Дождя опасаться вряд ли стоило – солнышко, словно наверстывая деньки, упущенные по причине непробиваемой облачности, жарило вовсю, а лужи, оставшиеся от ночного дождя, высыхали прямо на глазах. Погода – супер, как любит говорить Сашка (кстати, так и запамятовал позвонить Светке). Так и хочется пробежаться по мелким лужам, размахивая пакетом, словно портфелем в беззаботном школьном детстве… В детстве, в котором не было места молчаливым кавказцам в черных «иномарках», пухлым зеленым пачкам в желтых конвертах из плотной бумаги и этому ненавистному, им же придуманному Мансуру с его дедовским кинжалом…
Кстати о Мансуре: как же он все-таки будет выглядеть? Надо придумать что-нибудь поблагообразнее, чтобы хоть во сне являлся в более приятном для глаза виде. И вообще, чем он будет заниматься по ходу книги? Референт? Чей именно? Кто такой эти шейх Али-Ходжа и секретарь-телохранитель Мустафа? Вводить ли в действие друга Мансура, Рамазана, или пусть он так и останется просто персонажем юношеских воспоминаний «героя»? Что это за «горячие» августовские события? Очередной дефолт? Как будет выглядеть мечеть? Постойка, постой-ка…
Владислав вдруг явственно, как на проявляющейся на глазах цветной полароидной фотографии, увидел мечеть. Ажурное, словно заветная мамина шкатулка из слоновой кости, которой так любил любоваться в детстве, но давно уже им не виденная (Варвара, конечно, скоммуниздила – клептоманка старая!), сооружение с полусферическим куполом, увенчанным полумесяцем и четырьмя похожими на спицы тонкими минаретами по бокам. Пусть купол будет зеленым… Нет, белым, как стены и минареты! Что-то подобное он, помнится, видел не то в «Клубе кинопутешественника», не то в «Путевых пометках», не то вообще в «Волшебной лампе Аладдина» в детстве. Видение было таким ярким, что Сотников-младший даже зажмурил глаза…
– Смотри куда прешь, козел старый! – раздался откуда-то возмущенный детский голос. – Нажрался с утра, что ли!

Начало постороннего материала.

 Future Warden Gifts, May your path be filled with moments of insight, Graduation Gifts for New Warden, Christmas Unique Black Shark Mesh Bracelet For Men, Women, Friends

Владислав распахнул глаза: оказывается, он чуть было не наступил на какие-то перемазанные смазкой металлические детали самого зловещего вида, разложенные тремя подростками лет десяти – двенадцати на тряпочке, расстеленной прямо на асфальте.

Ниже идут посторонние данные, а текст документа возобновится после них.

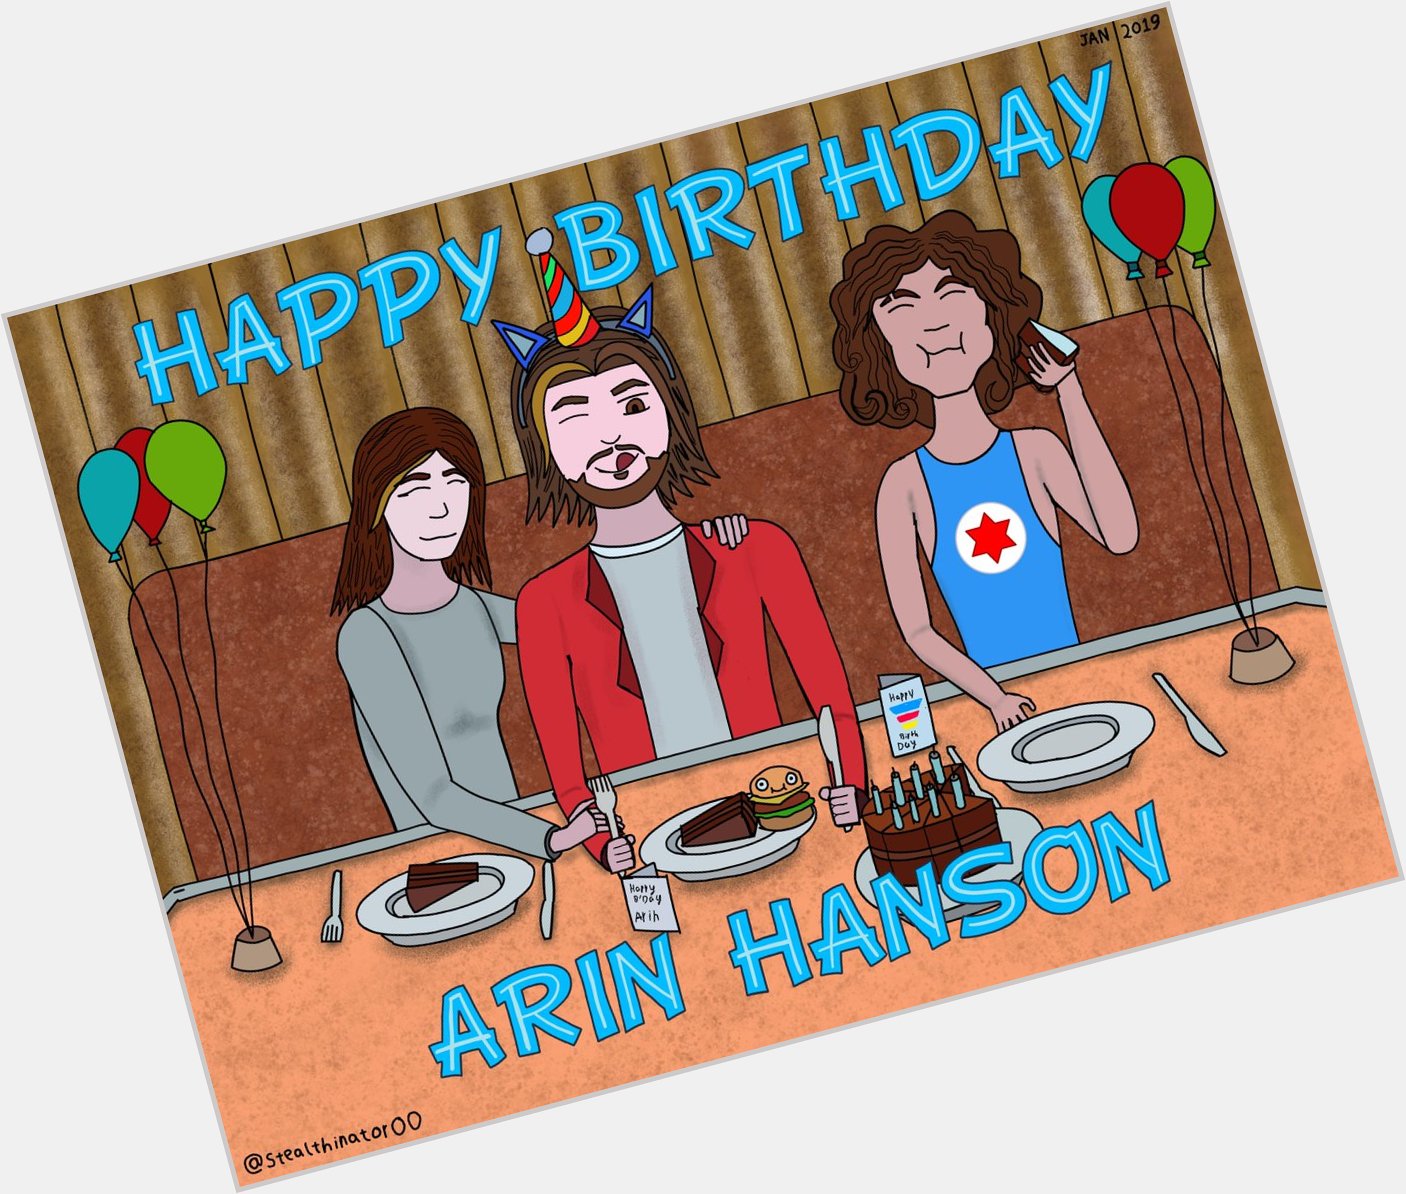   Happy birthday Arin Hanson. Have a fun time at your Birthday party.

«Пулемет они здесь собирают, что ли? – испуганно подумалось Владиславу, которому почему-то вдруг вспомнились несколько кошмарных месяцев, проведенных после института на военных сборах. После намотки портянок пулемет Горюнова, вернее его разборка-сборка на время, помнится, был главным несчастьем всех мало приспособленных к военной службе свежеиспеченных очкастых лейтенантов, в висящих мешком гимнастерках и галифе. Сотников ясно различил среди металлического хлама запомнившуюся ему на всю жизнь возвратную пружину и еще пару-тройку смутно знакомых деталей. – Дожили!..»
Лишь в последний момент немного уже подслеповатый писатель заметил в руках у одного из «пулеметчиков» велосипедную «звездочку», а чуть в стороне – и сам полуразобранный двухколесный агрегат со снятым задним движителем. Почудится же такое! Чертовщина какая-то…

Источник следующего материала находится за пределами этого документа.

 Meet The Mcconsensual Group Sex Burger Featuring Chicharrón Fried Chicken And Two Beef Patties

От облегчения Владислав даже начал насвистывать какой-то фривольный мотивчик.
Магазин был расположен неподалеку, буквально за углом. Сколько раз в детстве маленький Владик бегал туда вприпрыжку с авоськой, в которой позвякивали пустые широкогорлые бутылки, и с теплыми желтыми и белыми монетками, зажатыми в потной от усердия ладошке. Тогда магазин назывался просто «Молоко», а вовсе не ООО «Александр Козейко и Ко. Молочные продукты». Причем «Александр» почему-то заканчивался крупным твердым знаком, больше смахивающим на царскую букву «ять», что, вероятно, должно было означать неразрывную связь времен и преемственность поколений. Никакой, конечно, преемственности не было и в помине: магазин размещался в цокольном этаже такого же «сталинского» дома, как и родной, построенного незадолго до знаменитой мясорубки тридцать седьмого года. Ранее, по словам отца, на этом месте размещался женский монастырь, сначала закрытый большевиками в послереволюционное лихолетье, а потом и снесенный за ненадобностью, когда потребовалось место под величественные строения, призванные увековечить эпоху Великого Вождя.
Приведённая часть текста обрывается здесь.